> [What the task requires]: Pictures are to be dropped from the copy. Retype the listing exactly.

> [Material provided]:
•••

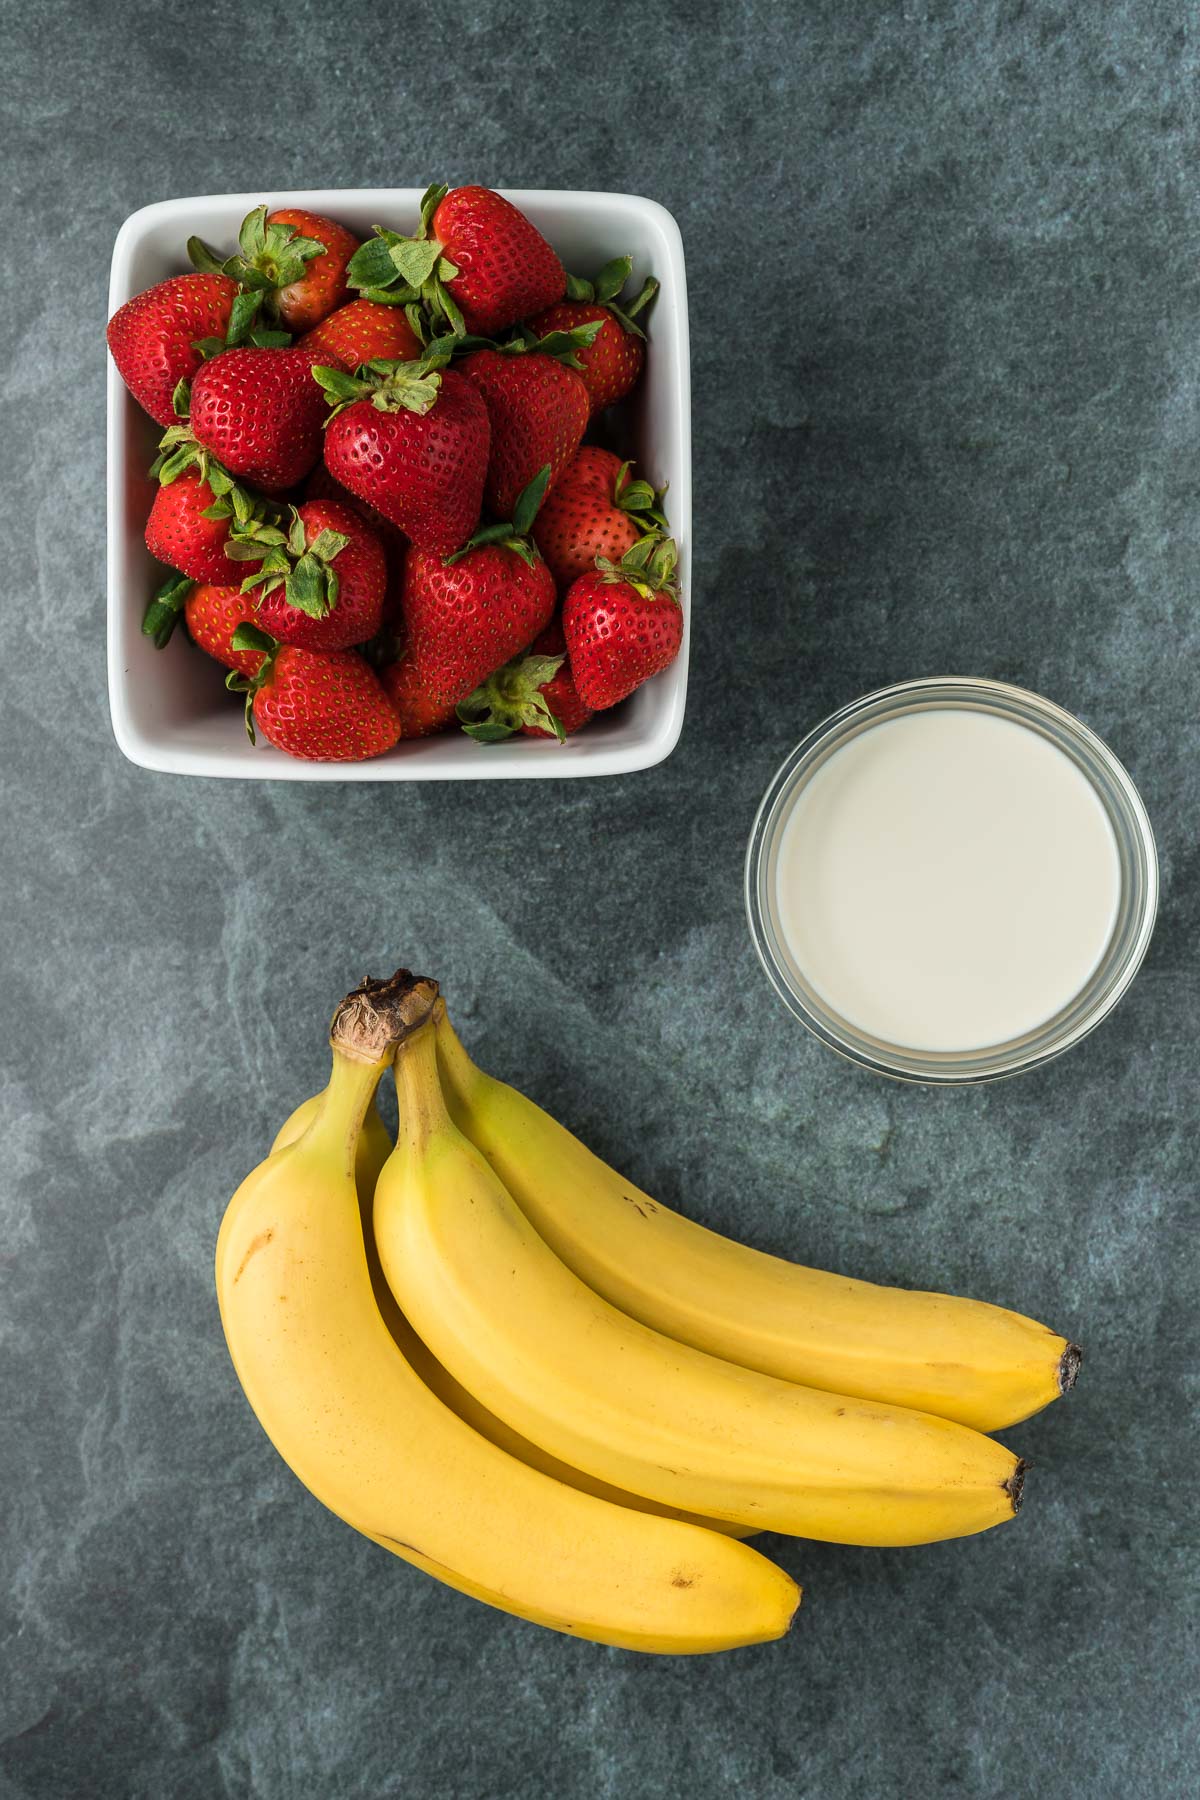 Punnett of strawberries, 3 bananas and oat milk on a dark background
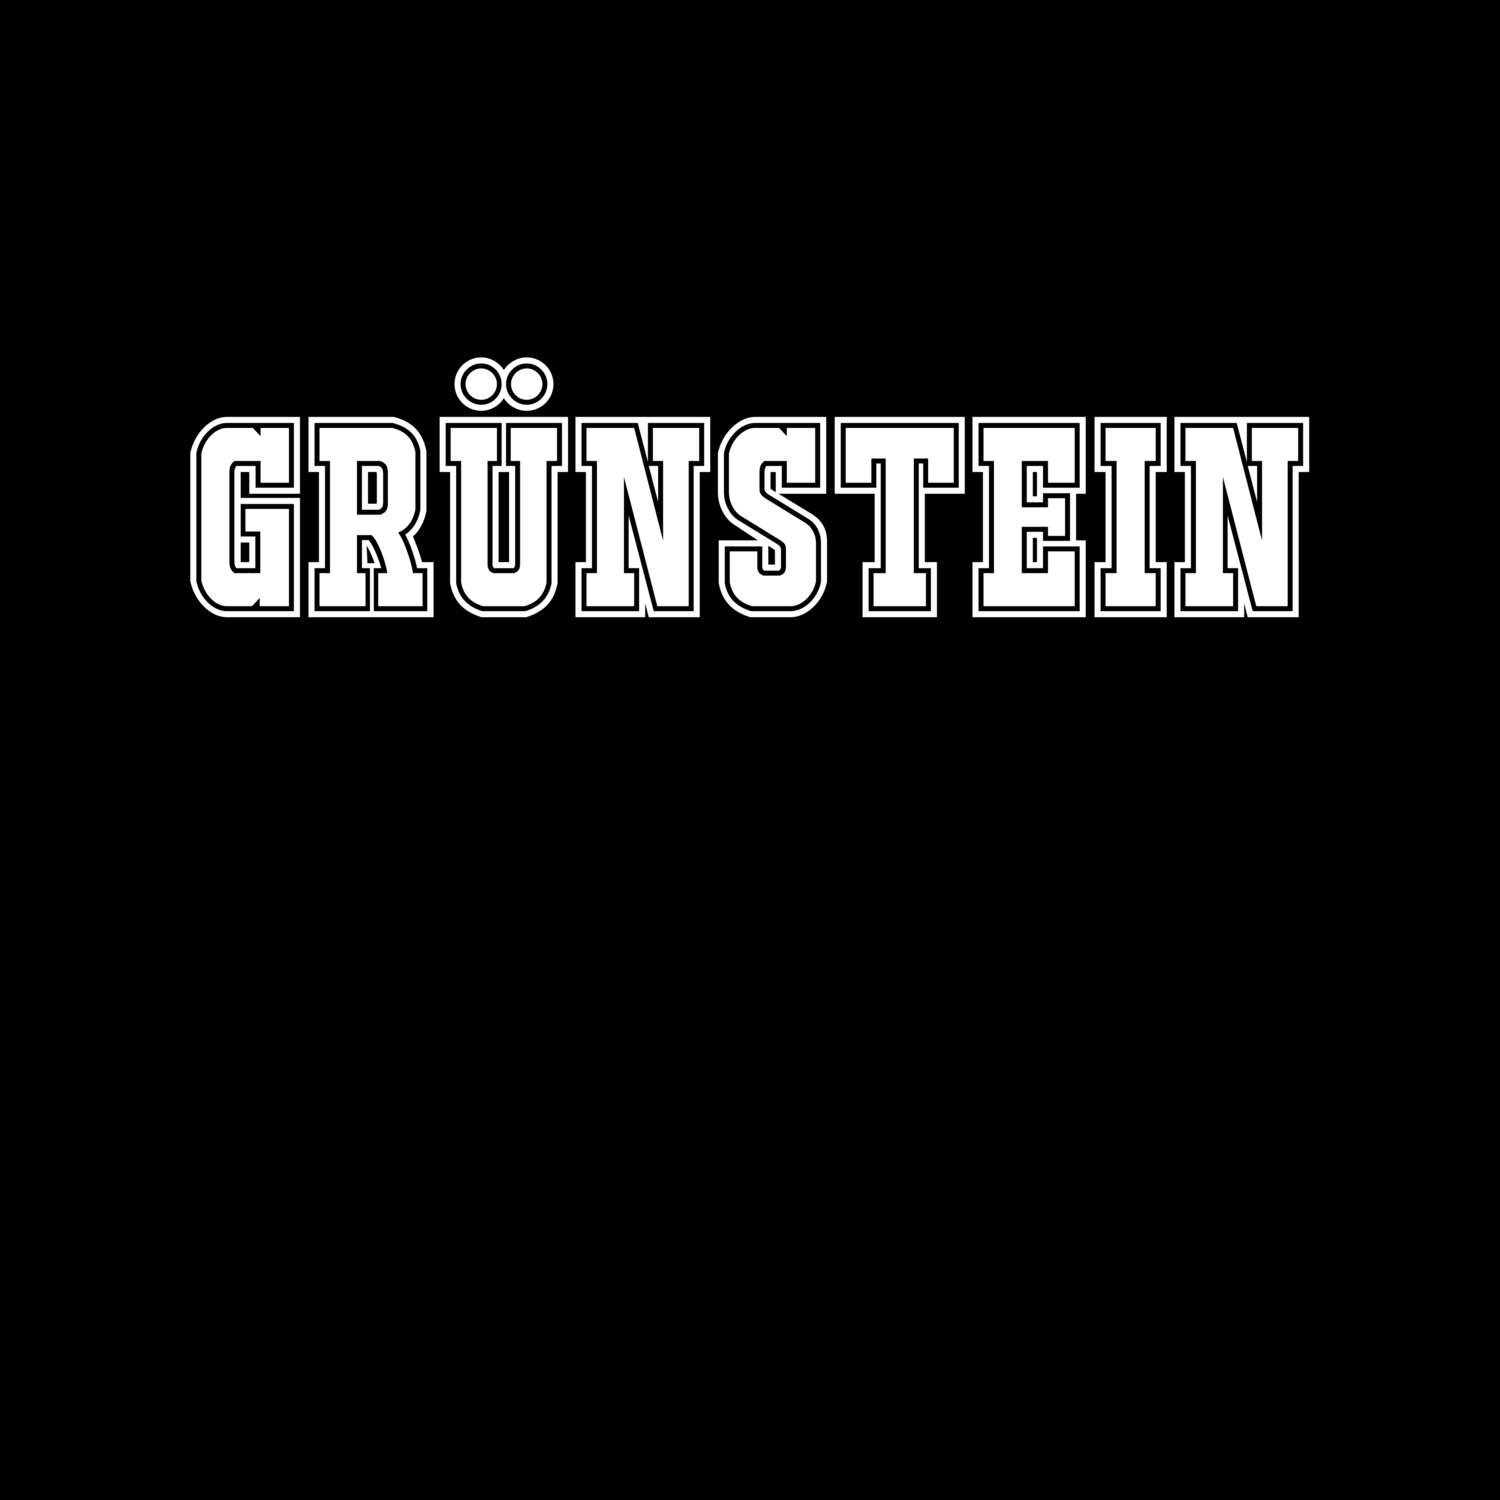 Grünstein T-Shirt »Classic«
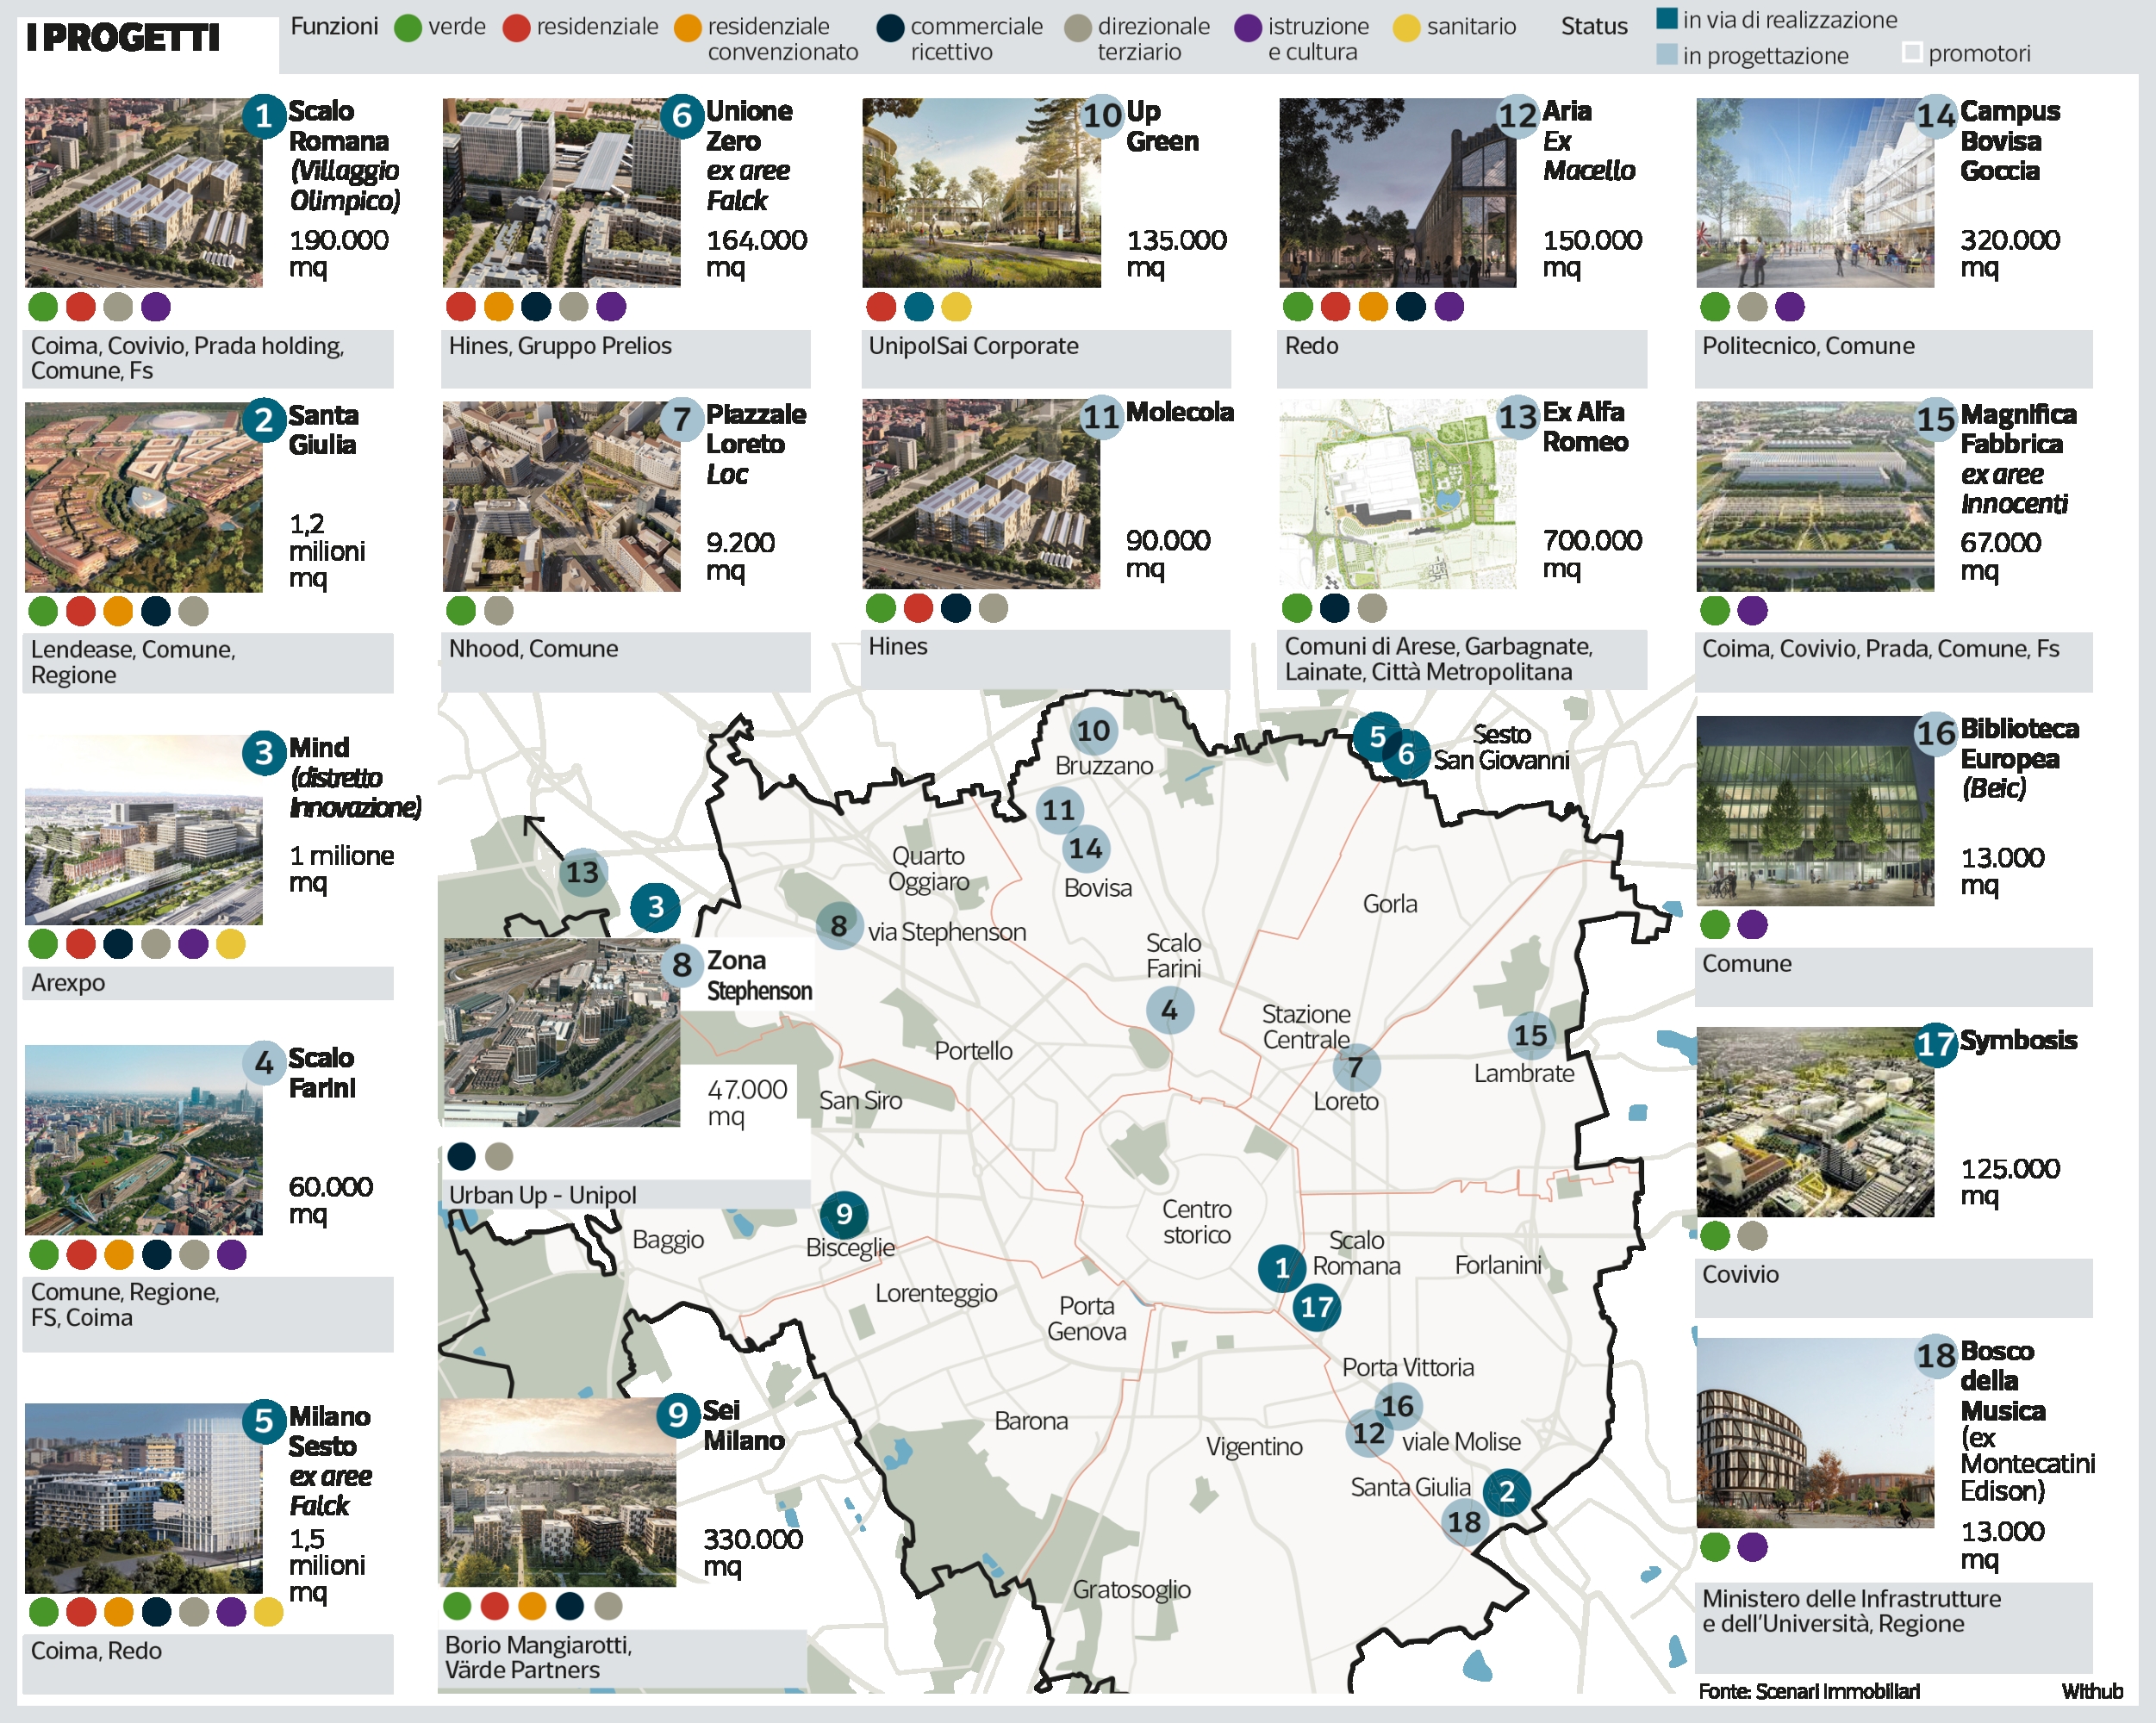 Corriere della sera: Milano rigenerata risparmiando il suolo: la mappa dei grandi progetti urbani nelle aree dismesse

•••

> [The answer]:
 Punnett of strawberries, 3 bananas and oat milk on a dark background
 Grünstein T-Shirt »Classic«
 Corriere della sera: Milano rigenerata risparmiando il suolo: la mappa dei grandi progetti urbani nelle aree dismesse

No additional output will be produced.